> _TASK PROMPT_
Every line from the one with "Fila di case" to the one with "Fortune Cancels (1919)", including those two, is to be copied exactly; all other lines of the entries below are left out.

> _DATA PROVIDED_
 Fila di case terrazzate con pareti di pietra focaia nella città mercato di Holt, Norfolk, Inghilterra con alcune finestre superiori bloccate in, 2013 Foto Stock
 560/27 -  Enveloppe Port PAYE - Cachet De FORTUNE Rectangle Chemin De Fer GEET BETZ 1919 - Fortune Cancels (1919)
* * *
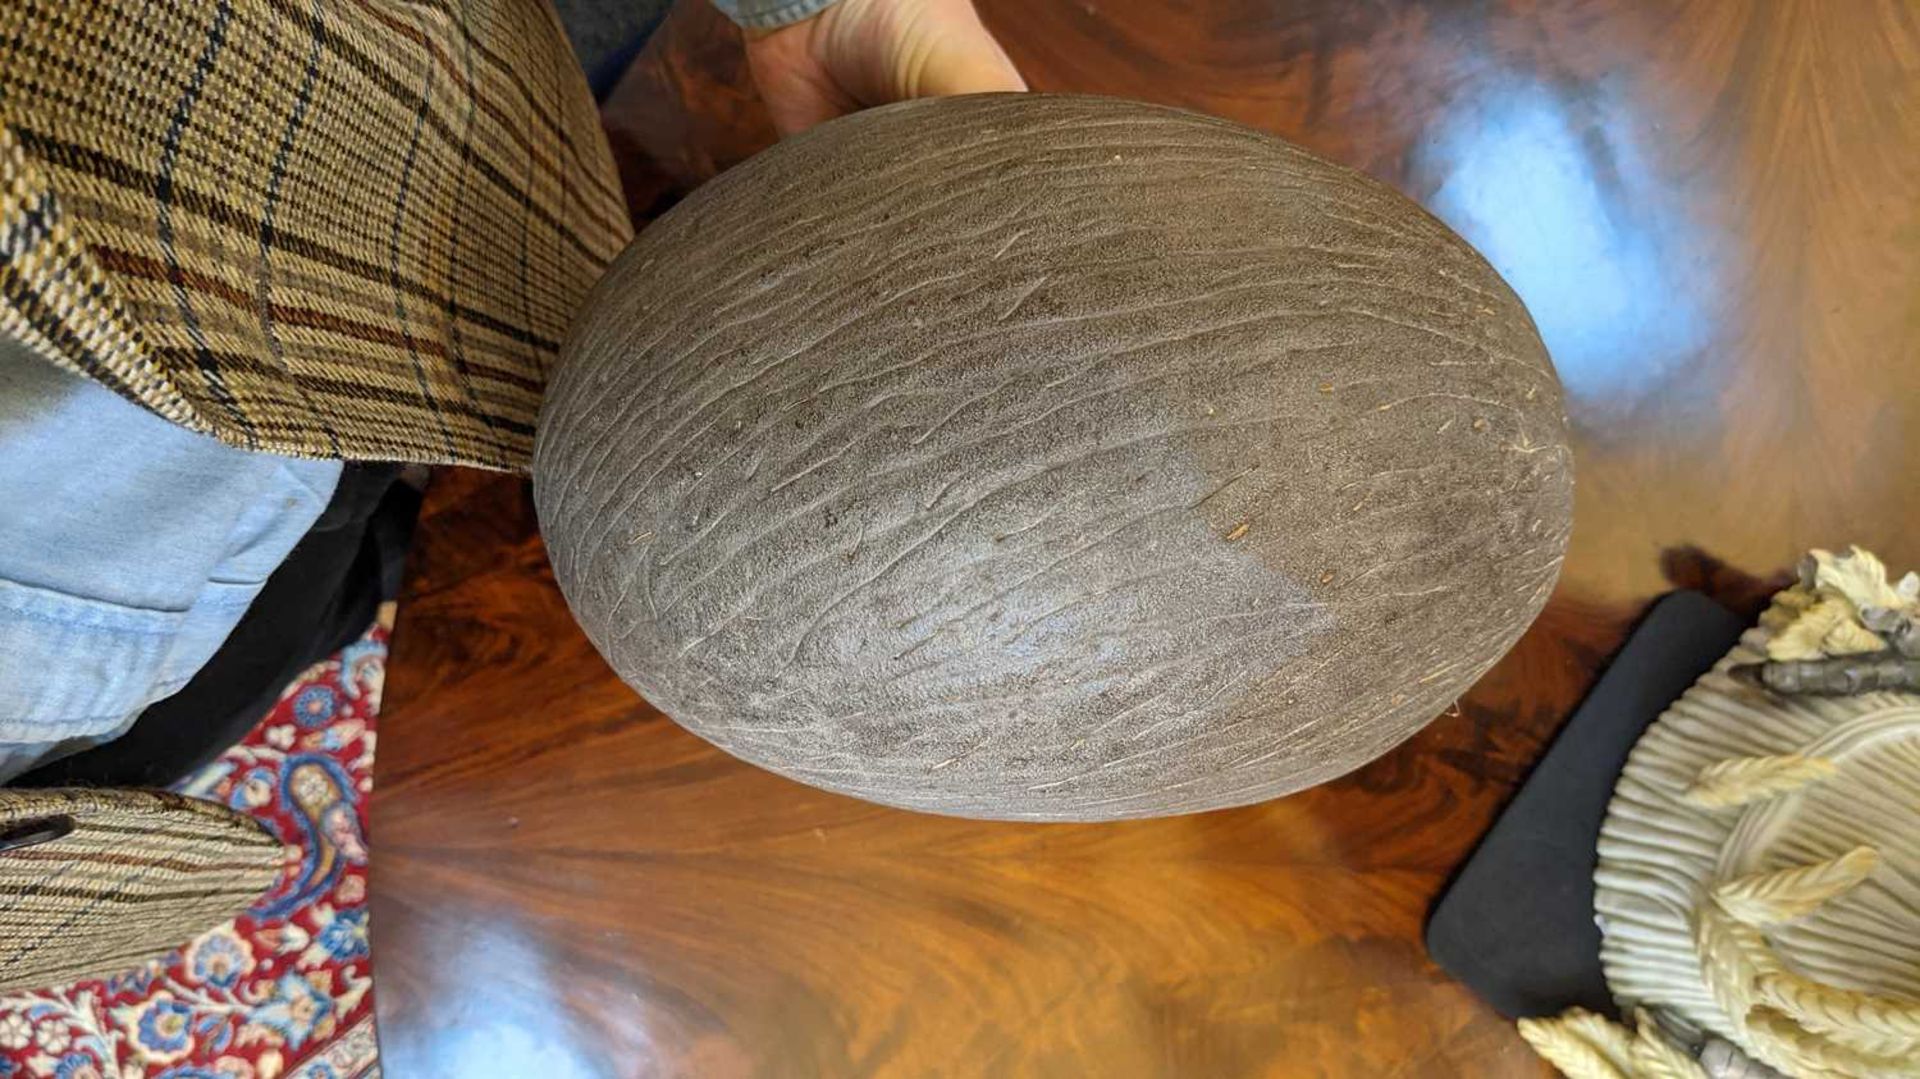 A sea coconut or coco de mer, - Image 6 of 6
==
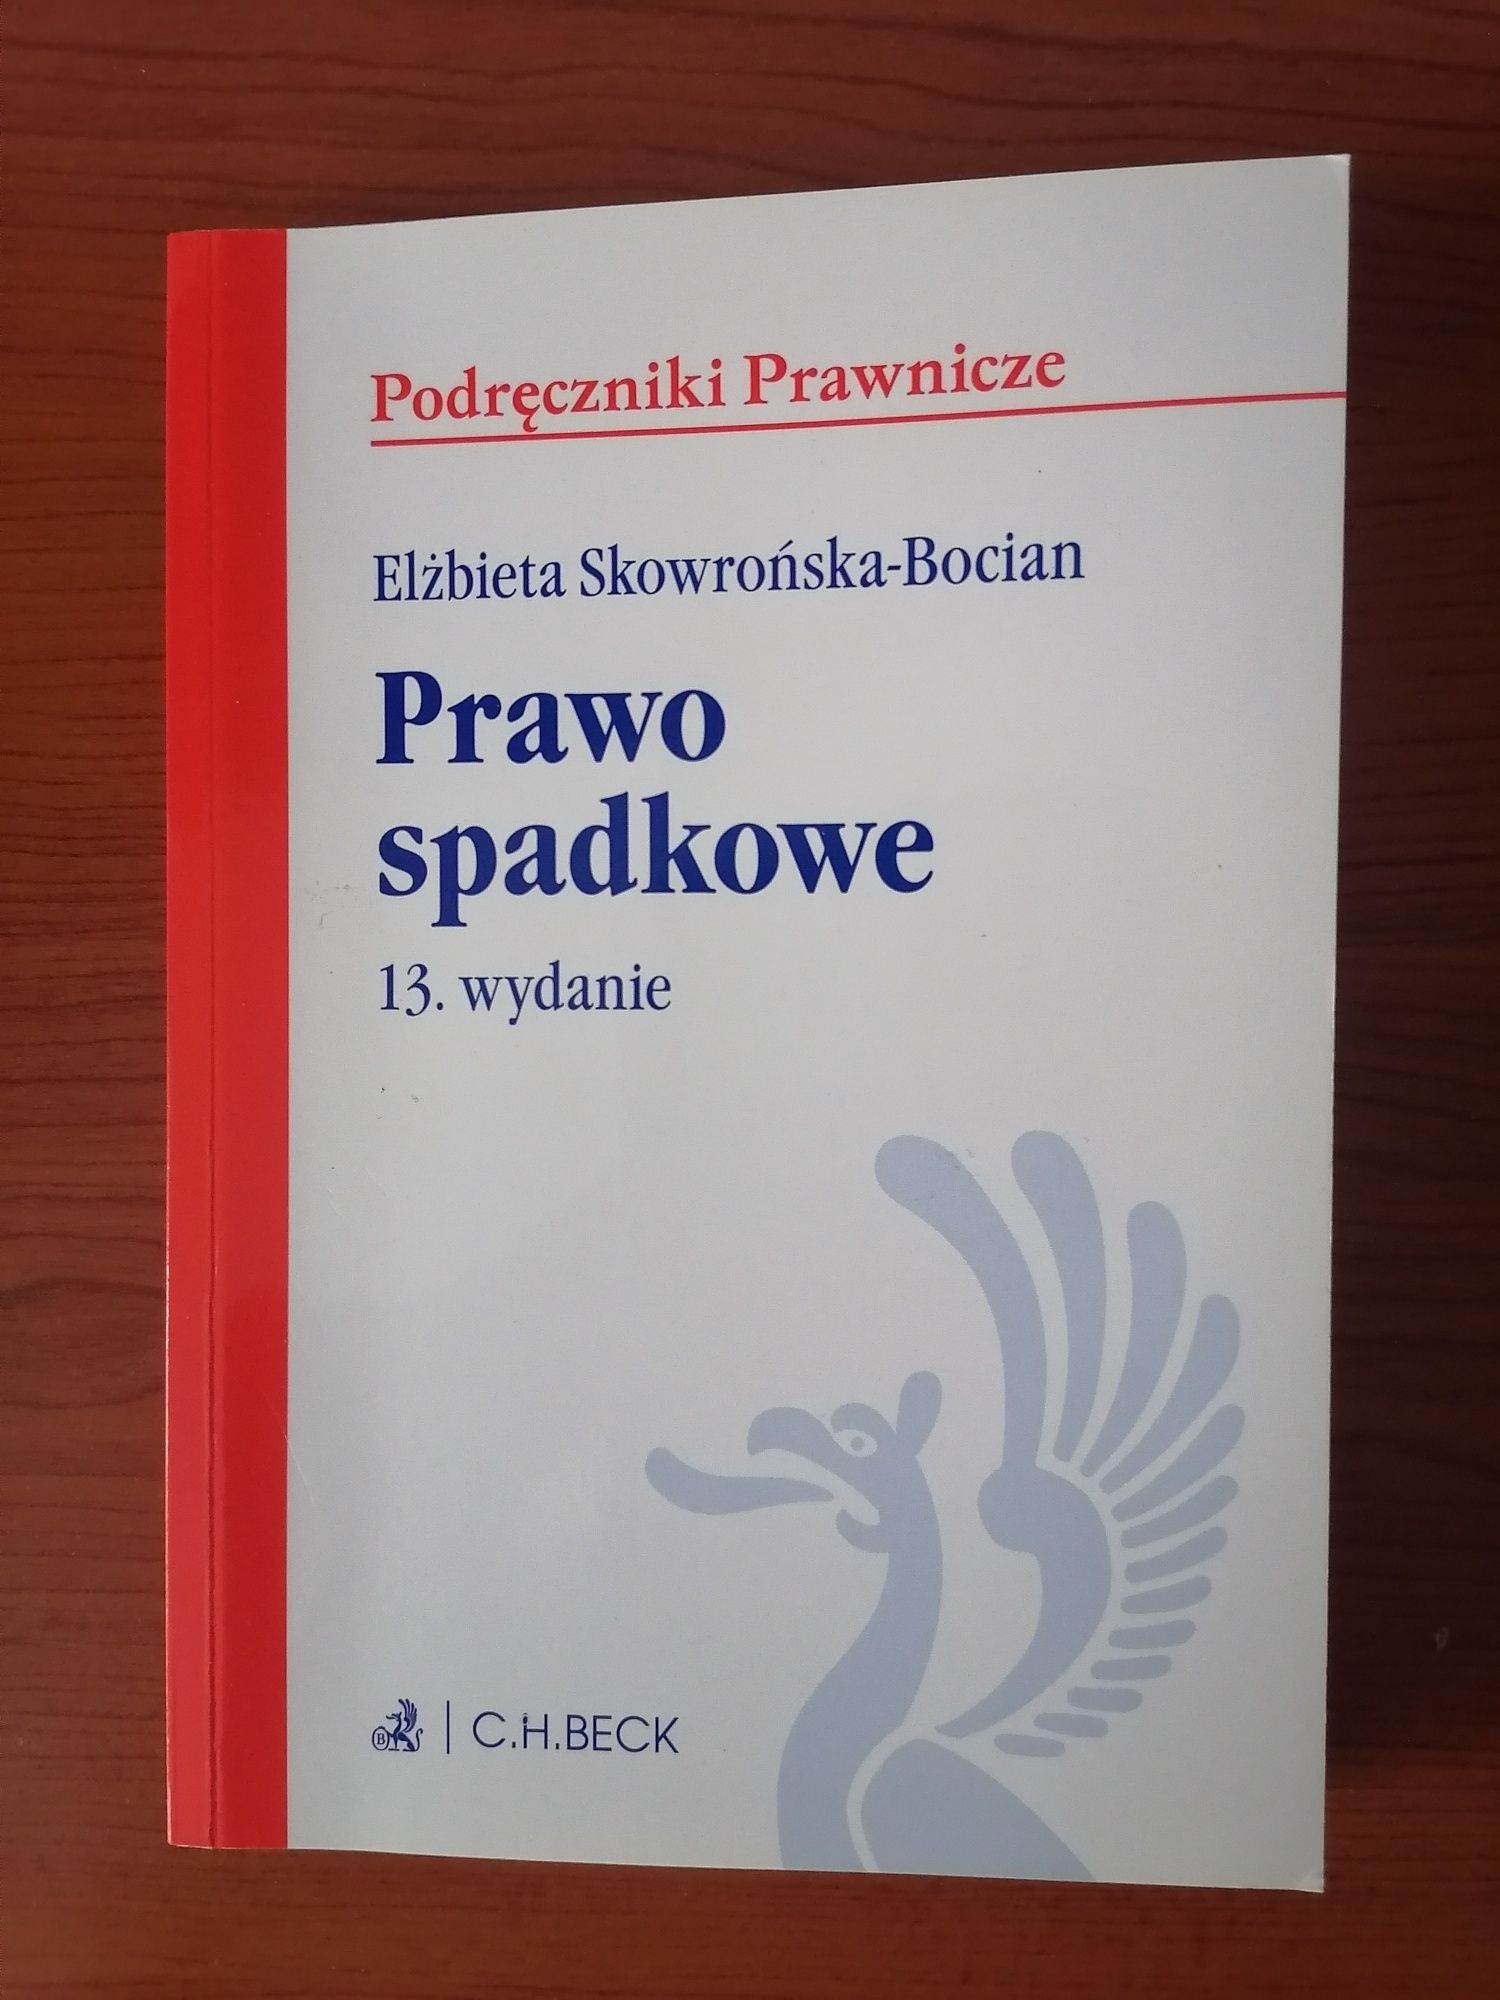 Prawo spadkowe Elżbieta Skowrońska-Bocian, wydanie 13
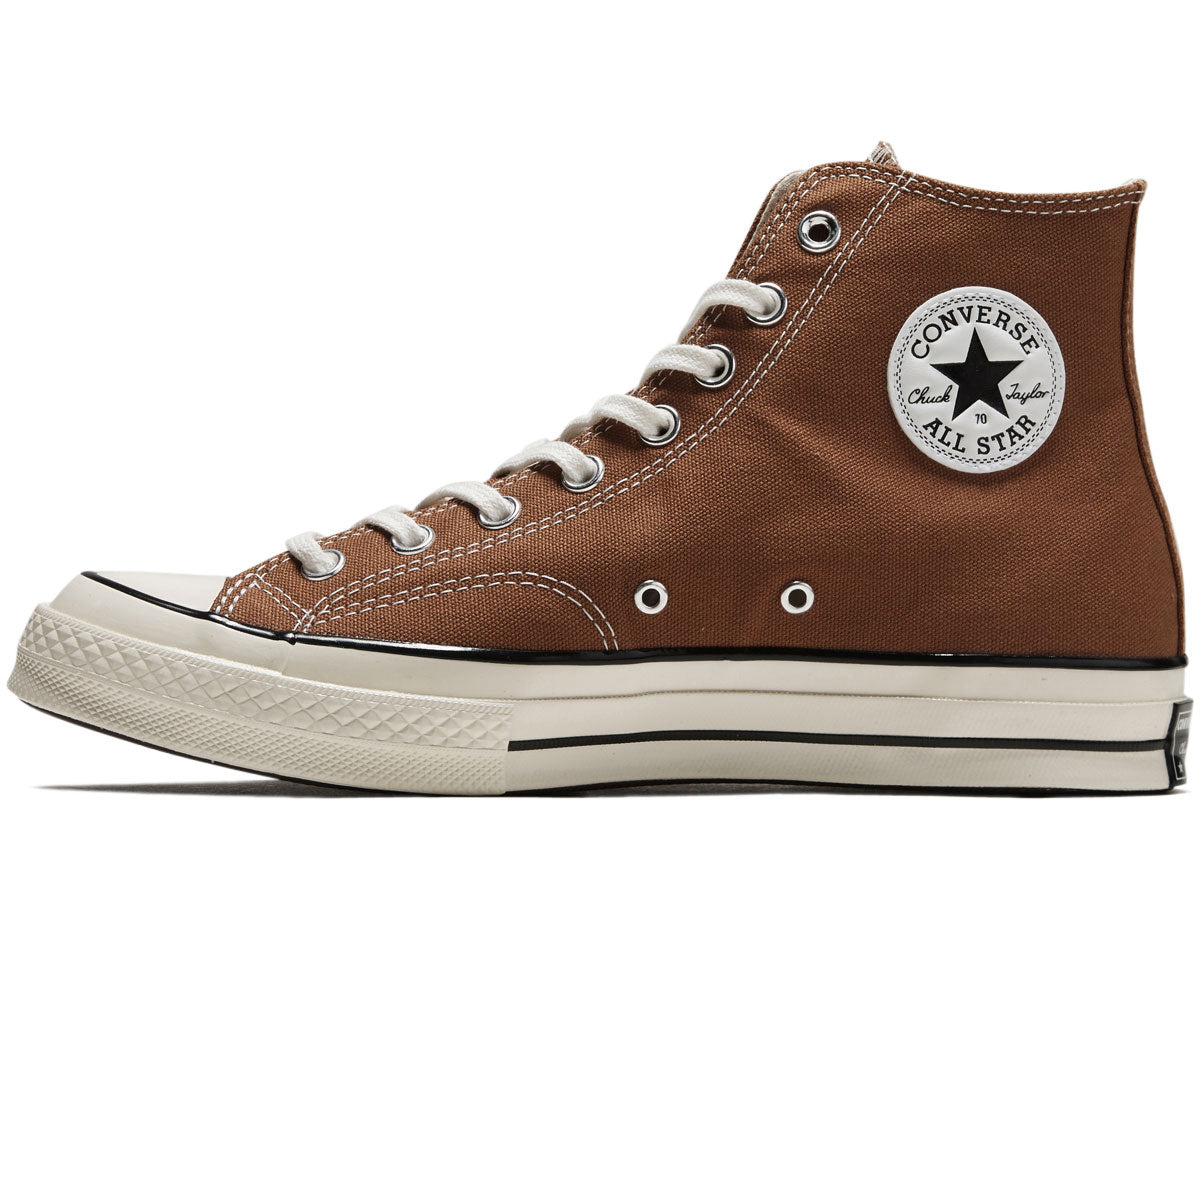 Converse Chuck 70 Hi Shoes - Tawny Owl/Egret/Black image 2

> _SOLVED EXERCISE_
 Fila di case terrazzate con pareti di pietra focaia nella città mercato di Holt, Norfolk, Inghilterra con alcune finestre superiori bloccate in, 2013 Foto Stock
 560/27 -  Enveloppe Port PAYE - Cachet De FORTUNE Rectangle Chemin De Fer GEET BETZ 1919 - Fortune Cancels (1919)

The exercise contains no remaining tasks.